Buyers' clubs must be registered and licensed through the same D.C. government agency that oversees the medical profession and the hospital industry. Initiative 57 protects the community from drug dealers by requiring those who distribute marijuana to medical patients to register and be subjected to the same regulations as other not-for-profit corporations. They also are restricted "exclusively for the medical use of medical patients who are authorized by this act to obtain marijuana for medical purposes."

Initiative 57 doesn't replace science. It simply keeps seriously ill patients out of jail, pending the ultimate approval of medicinal marijuana by the U.S. Food and Drug Administration. In an action welcomed by activists, a panel at the National Institutes of Health recommended the resumption of full-scale research into medical marijuana at the federal level. Initiative 57 is a stopgap measure, providing a legal defense in limited circumstances for those patients who turn to marijuana when conventional therapies fail.

McCaffrey argues that the medical-use defense provided under Initiative 57 will somehow promote recreational drug use. The world of chemotherapy, vomiting and AIDS wasting syndrome is not glamorous. For AIDS patients throwing up their food and pills, for cancer patients undergoing the severe side effects of chemotherapy, there is a clear distinction between medical use and substance abuse.

We urge the voters of the District to look beyond the misinformation propagated by the likes of McCaffrey and to protect medical patients and their providers from criminal prosecution by signing, supporting and ultimately voting for the "Legalization of Marijuana for Medical Treatment Initiative of 1997."

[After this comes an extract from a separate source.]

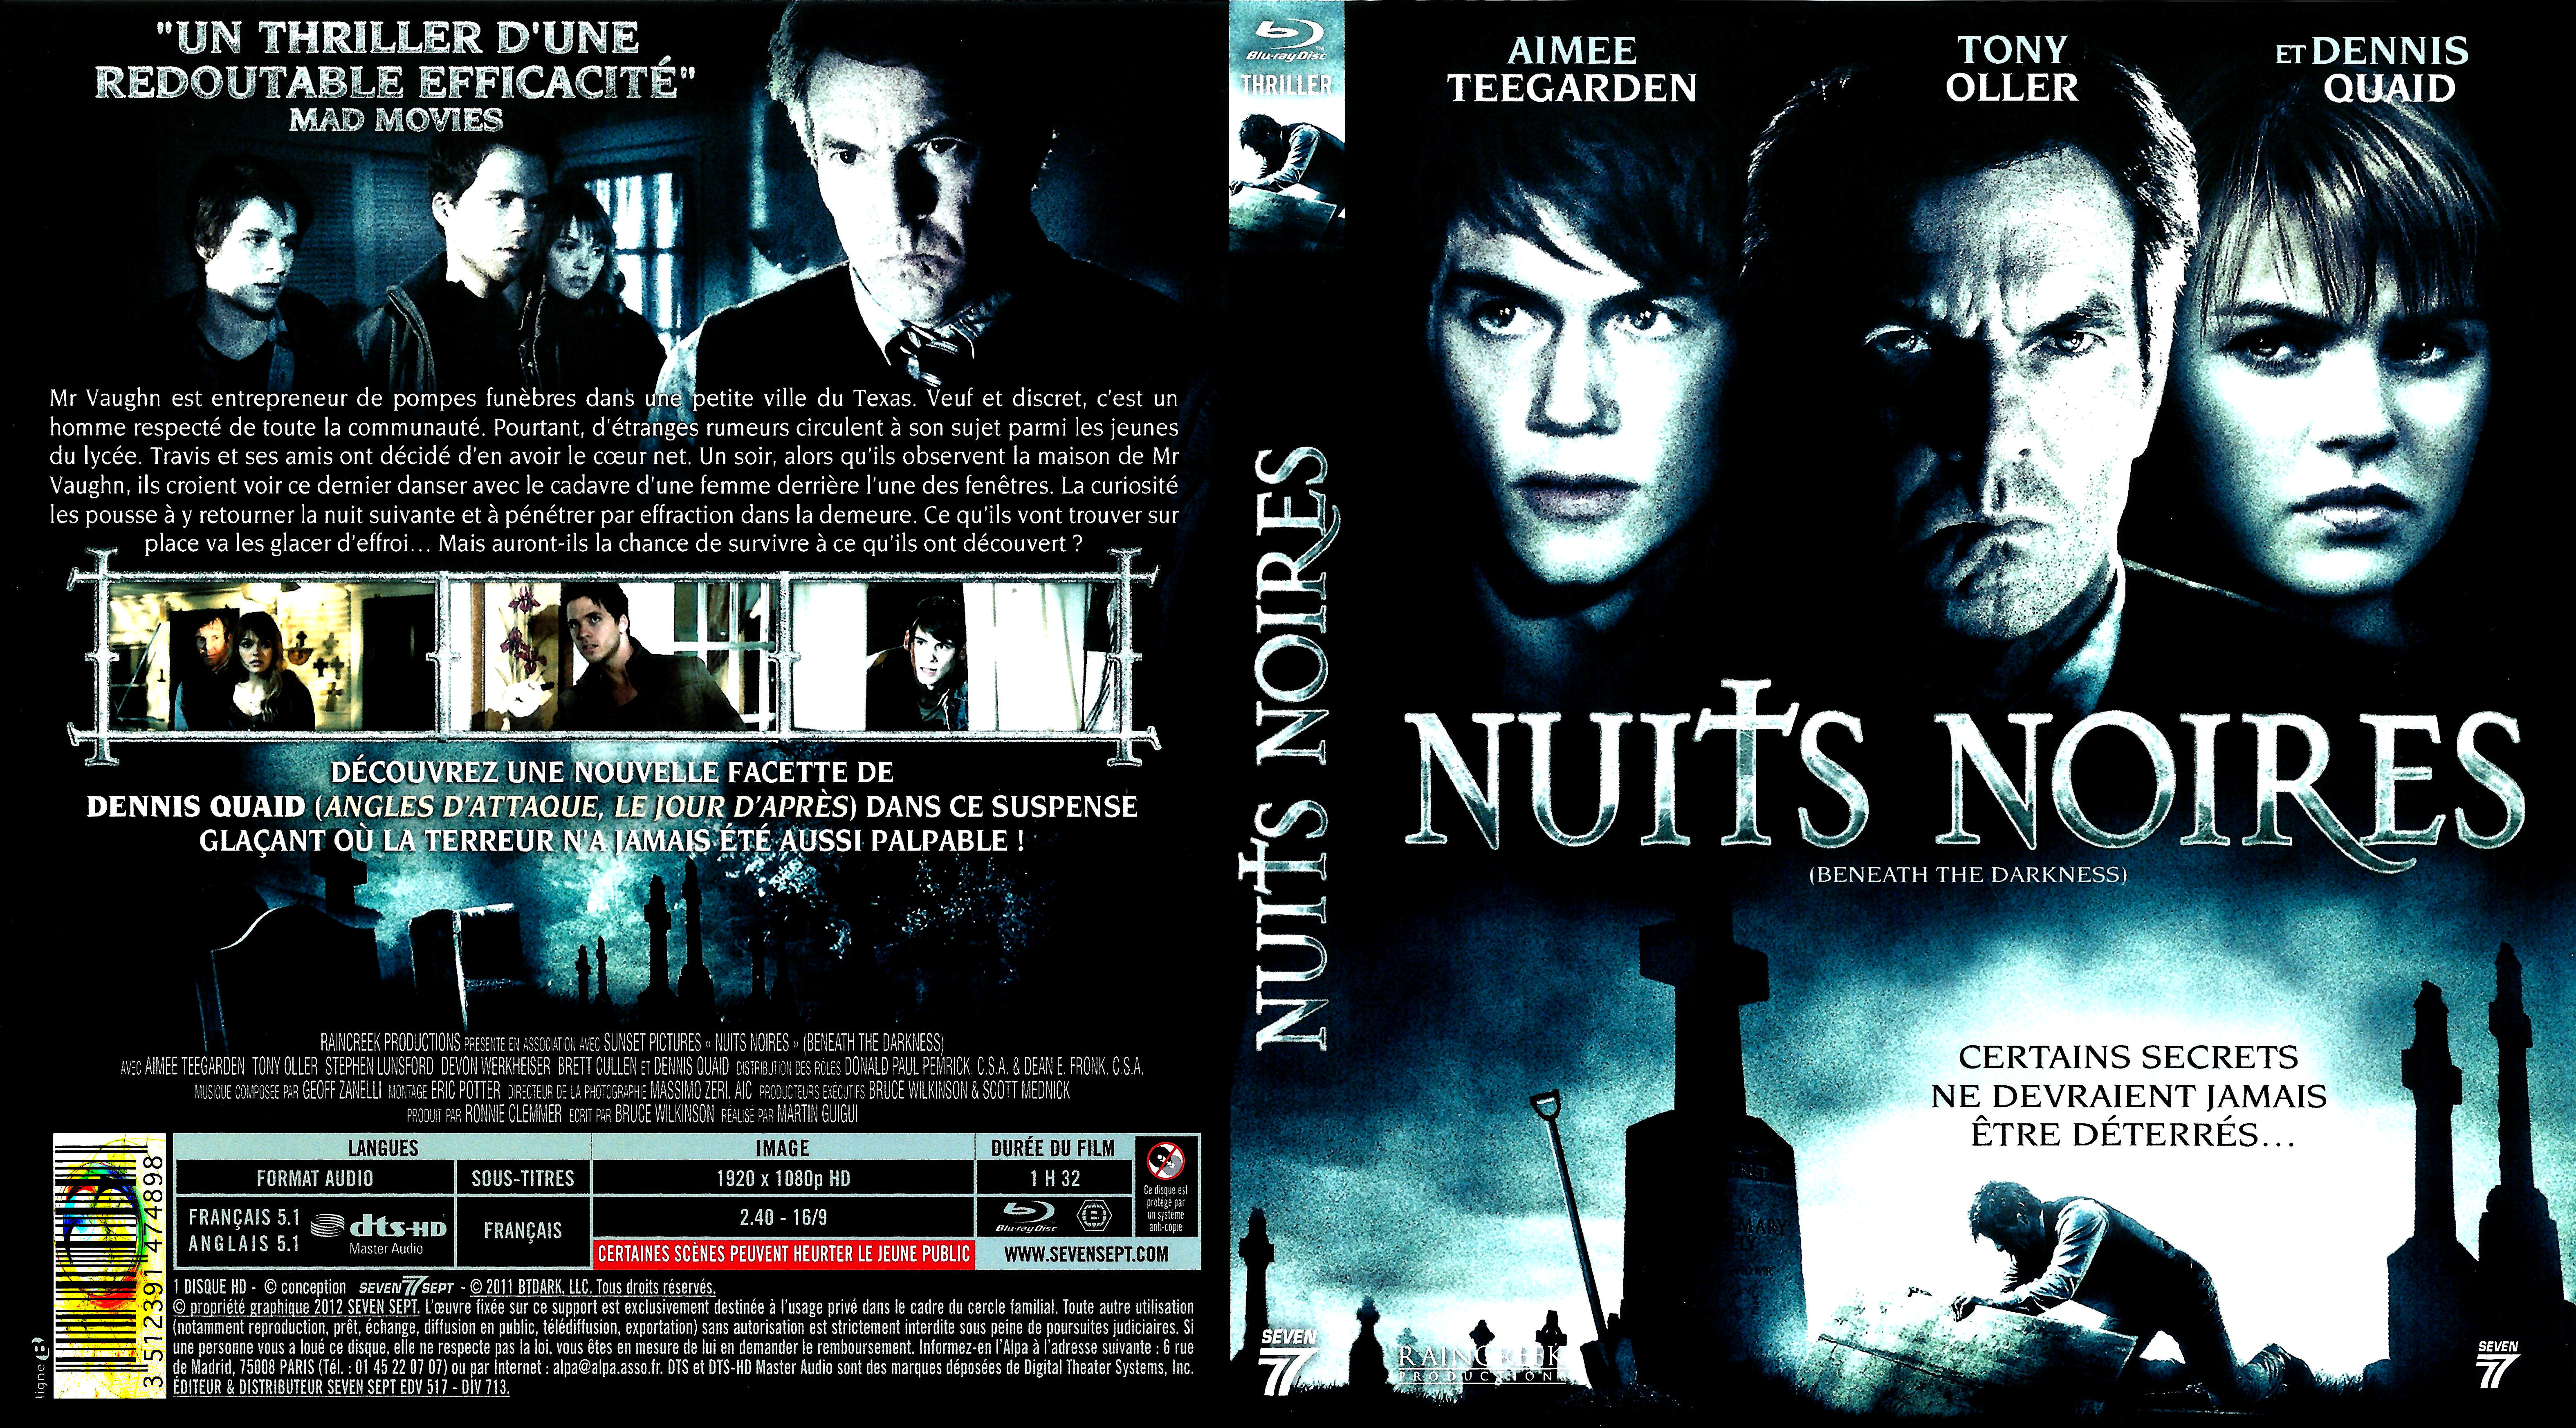 Jaquette DVD Nuits noires (BLU-RAY)

The writers are founders of ACT UP, the AIDS Coalition to Unleash Power, in Washington. Steve Michael is the sponsor of Initiative 57.

Marijuana's Medicinal Miracles

Monday, November 17, 1997; Page A22
The Washington Post

Strange as it may seem, here is one right-wing Republican who agrees with Wayne Turner and Steve Michael in their column about marijuana ["Marijuana for Medicine, Not Abuse," op-ed, Nov. 5].

When our grown daughter was undergoing chemotherapy for lymph cancer, she was sick and vomiting constantly as a result of her treatments. No legal drugs, including Marinol, helped her.

We finally turned to marijuana. With it, she kept her food down, was comfortable and even gained weight.

Those who say Marinol and other drugs are satisfactory substitutes for marijuana may be right in some cases but certainly not in all cases.

If doctors can prescribe morphine and other addictive medicines, it makes no sense to deny marijuana to sick and dying patients when it can be provided on a carefully controlled, prescription basis.